Security and Privacy

LocalScore is designed for local-first AI workflows:

  • All benchmarks run entirely on your hardware
  • No data is sent to external servers during testing
  • Result submission is optional and anonymous
  • Works completely offline after downloading models

FAQ

Q: Is LocalScore open source? A: Yes, LocalScore is an open-source project sponsored by Mozilla Builders.

Q: What models does it support? A: LocalScore works with any .gguf format model. The CLI includes options to download official test models in 1B, 8B, and 14B sizes.

Q: Does it work with Ollama? A: Not currently. LocalScore uses Llamafile under the hood for portability. Ollama integration has been requested by the community.

Q: Can I benchmark remote servers? A: The current version runs locally. Community members have requested support for benchmarking remote headless servers and comparing different inference backends.

Q: How long does a benchmark take? A: It depends on your hardware and the model size. Tiny (1B) models on modern hardware complete in seconds. Larger models on CPU-only systems may take several minutes.
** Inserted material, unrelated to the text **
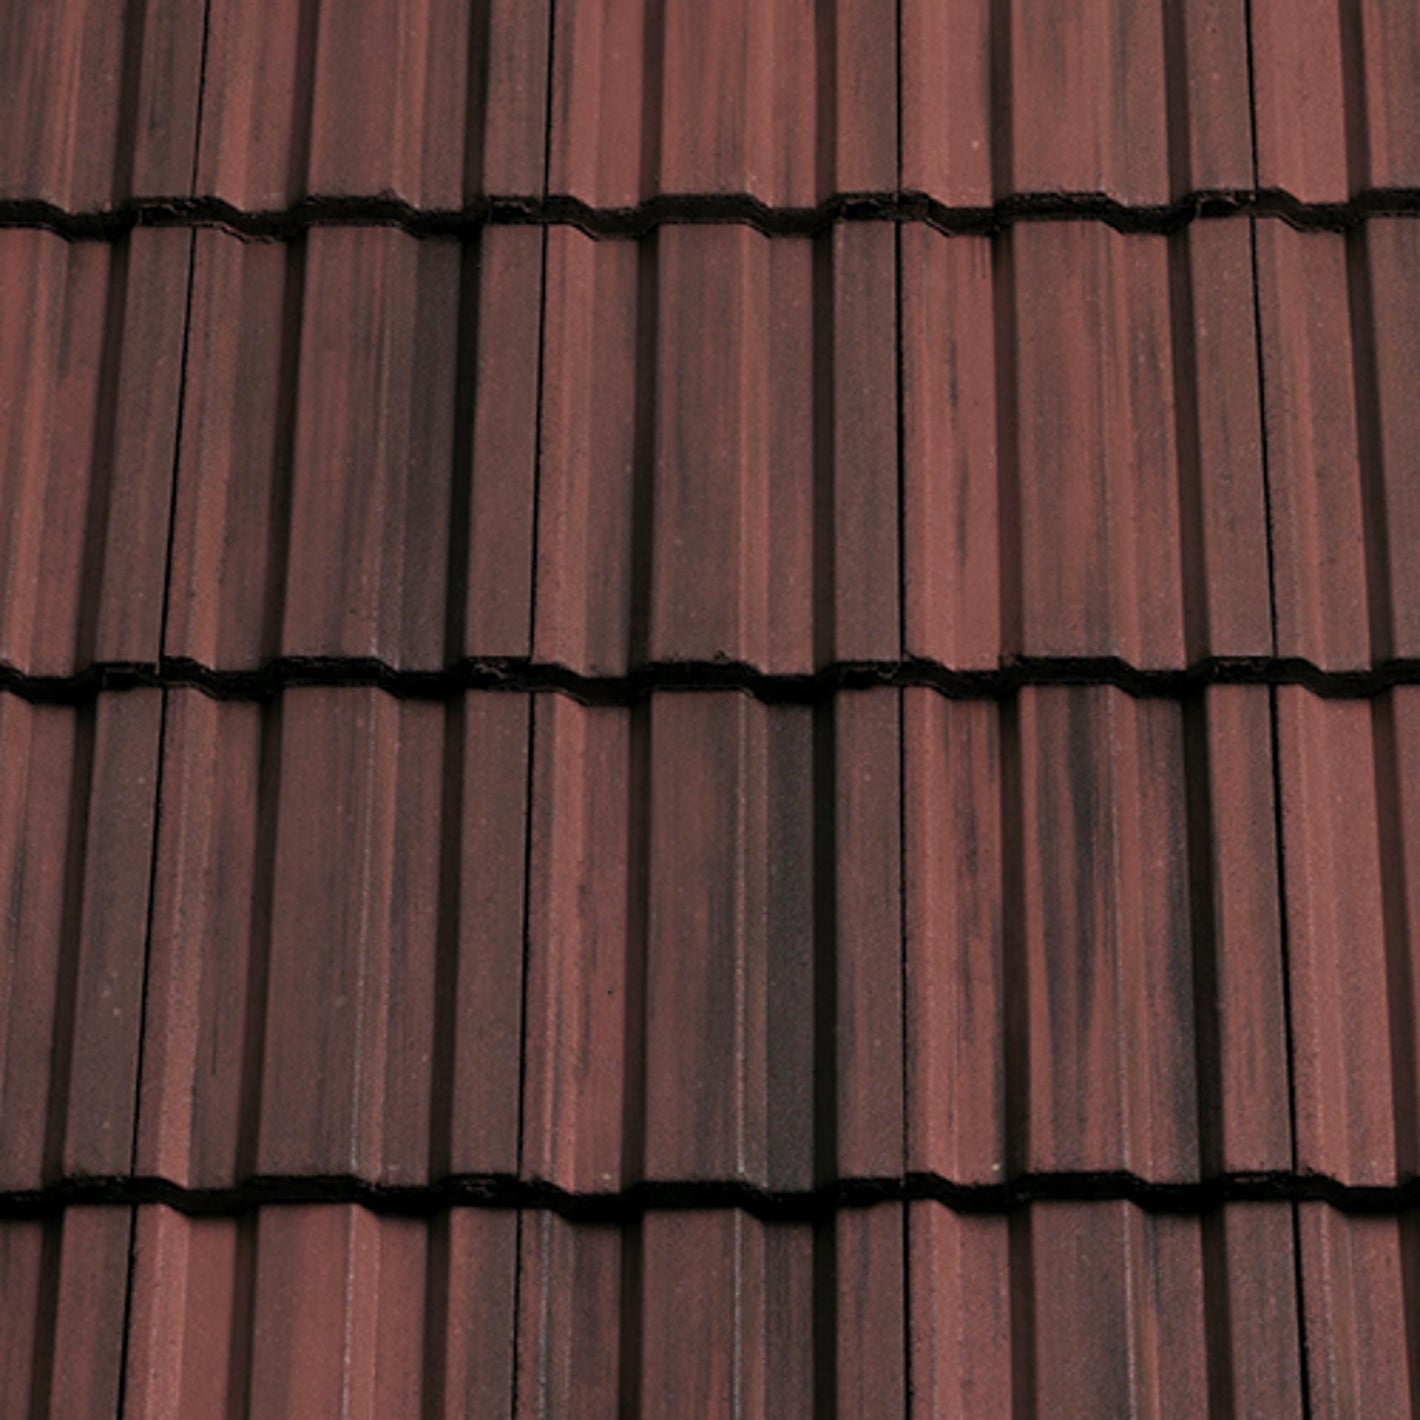 Sandtoft Standard Pattern Roof Tile - Rustic

Q: Is there a GUI? A: LocalScore is a CLI tool, but the website provides a browsable database of results with visualizations at localscore.ai/latest.

Conclusion

LocalScore fills an important gap in the local AI ecosystem by providing standardized, comparable benchmarks for LLM performance across different hardware configurations. Whether you’re deciding between hardware upgrades, choosing model sizes, or just curious about your system’s AI capabilities, LocalScore gives you concrete data to work with.
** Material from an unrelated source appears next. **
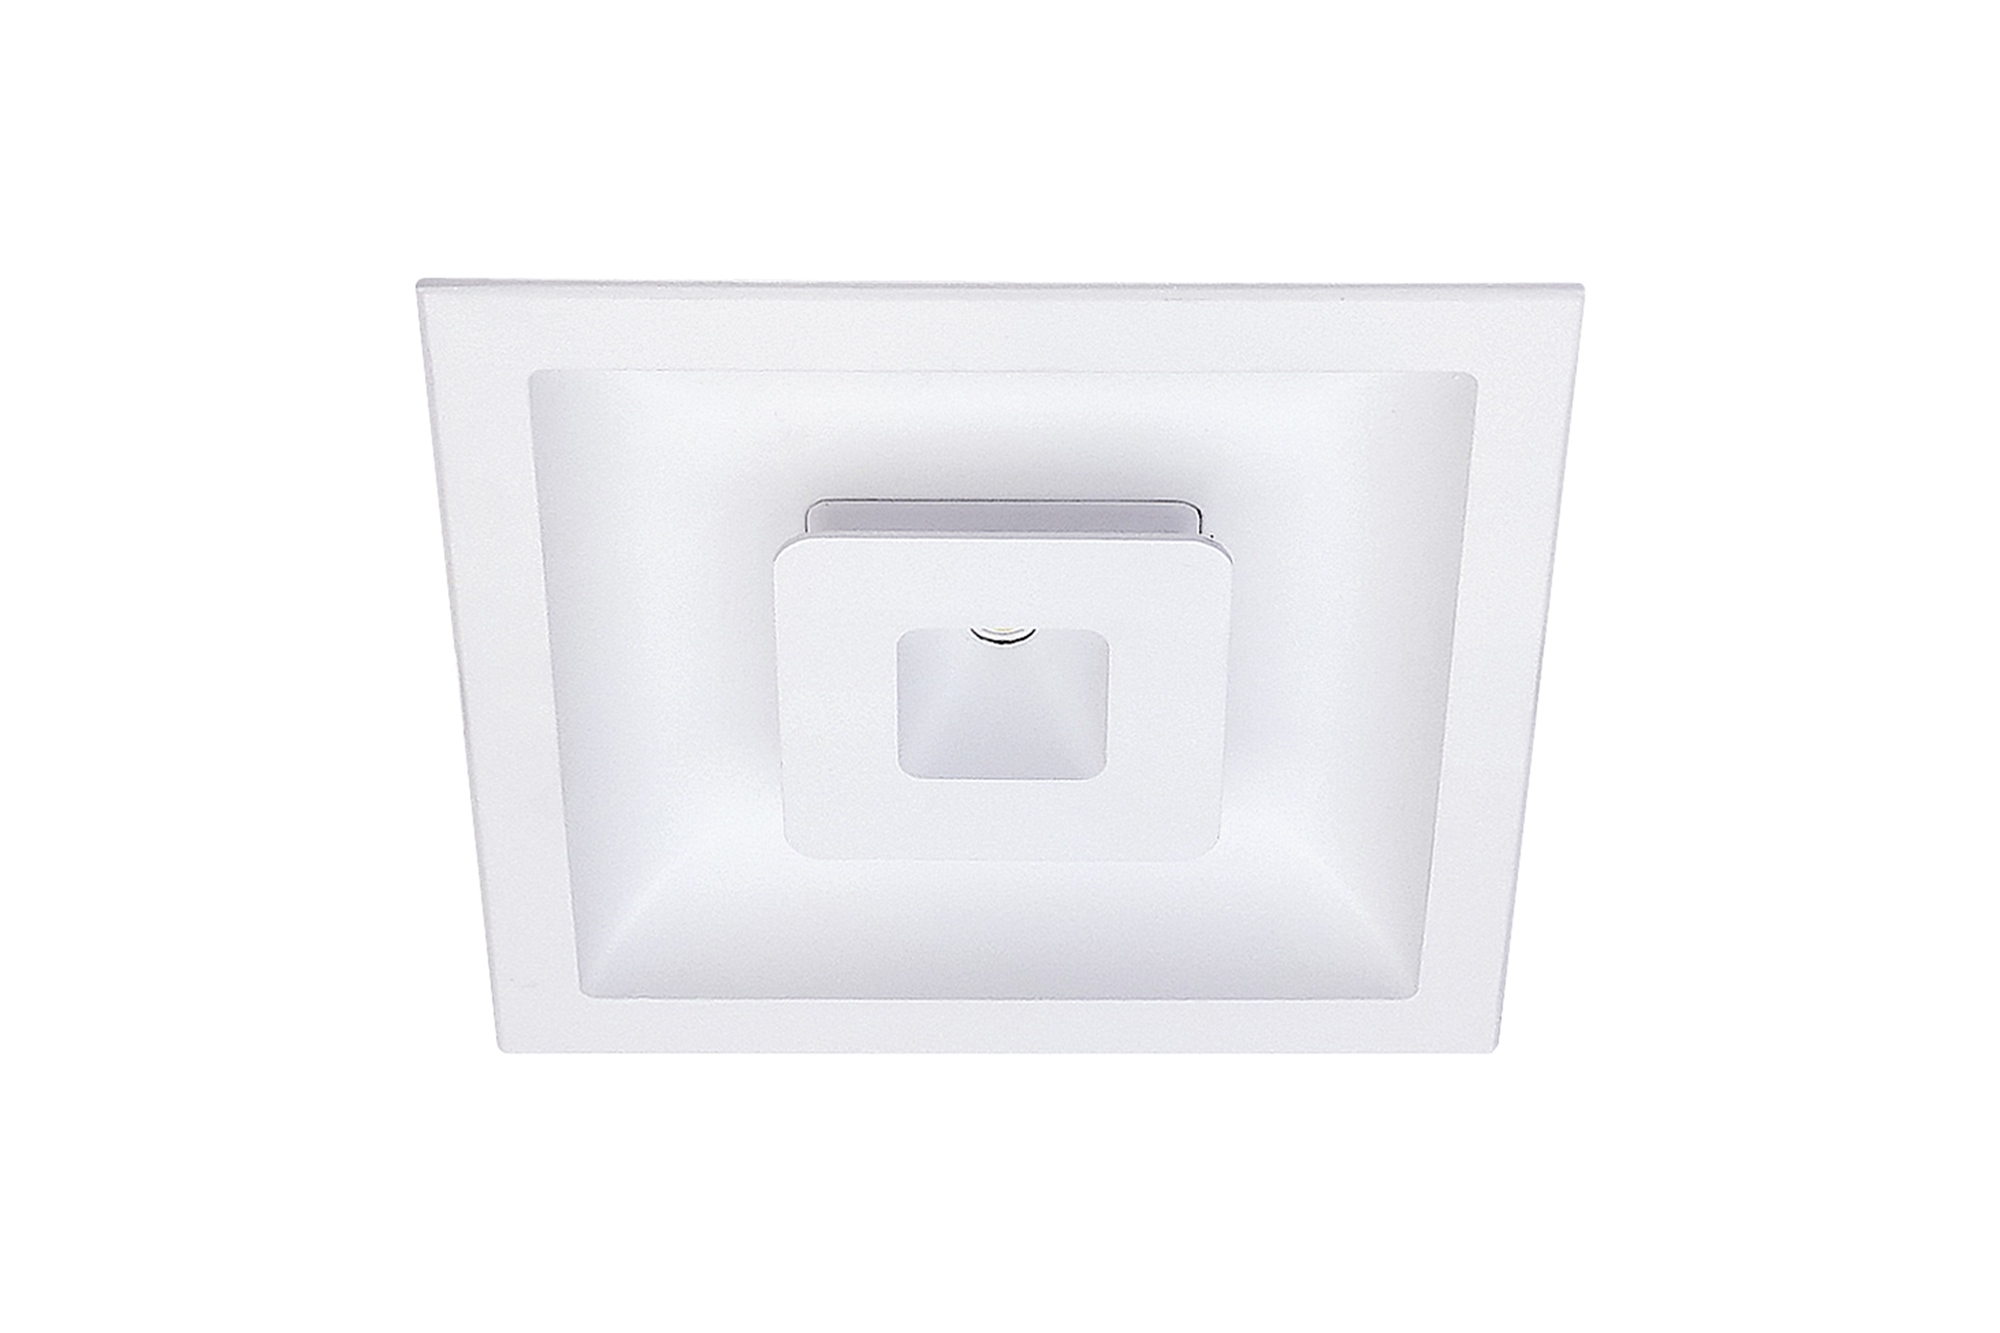 Lampenlux LED Einbaustrahler Sondor Spot eckig weiß inkl Trafo direkte und indirekte Beleuchtung Aluminium 15.5x15.5cm

As a Mozilla Builders Project, it brings institutional credibility to the open-source local AI movement. The public results database creates a valuable community resource that grows more useful with each submission.

If you’re running local LLMs or considering it, running LocalScore takes just a few minutes and contributes to a growing body of knowledge about real-world AI performance on consumer hardware.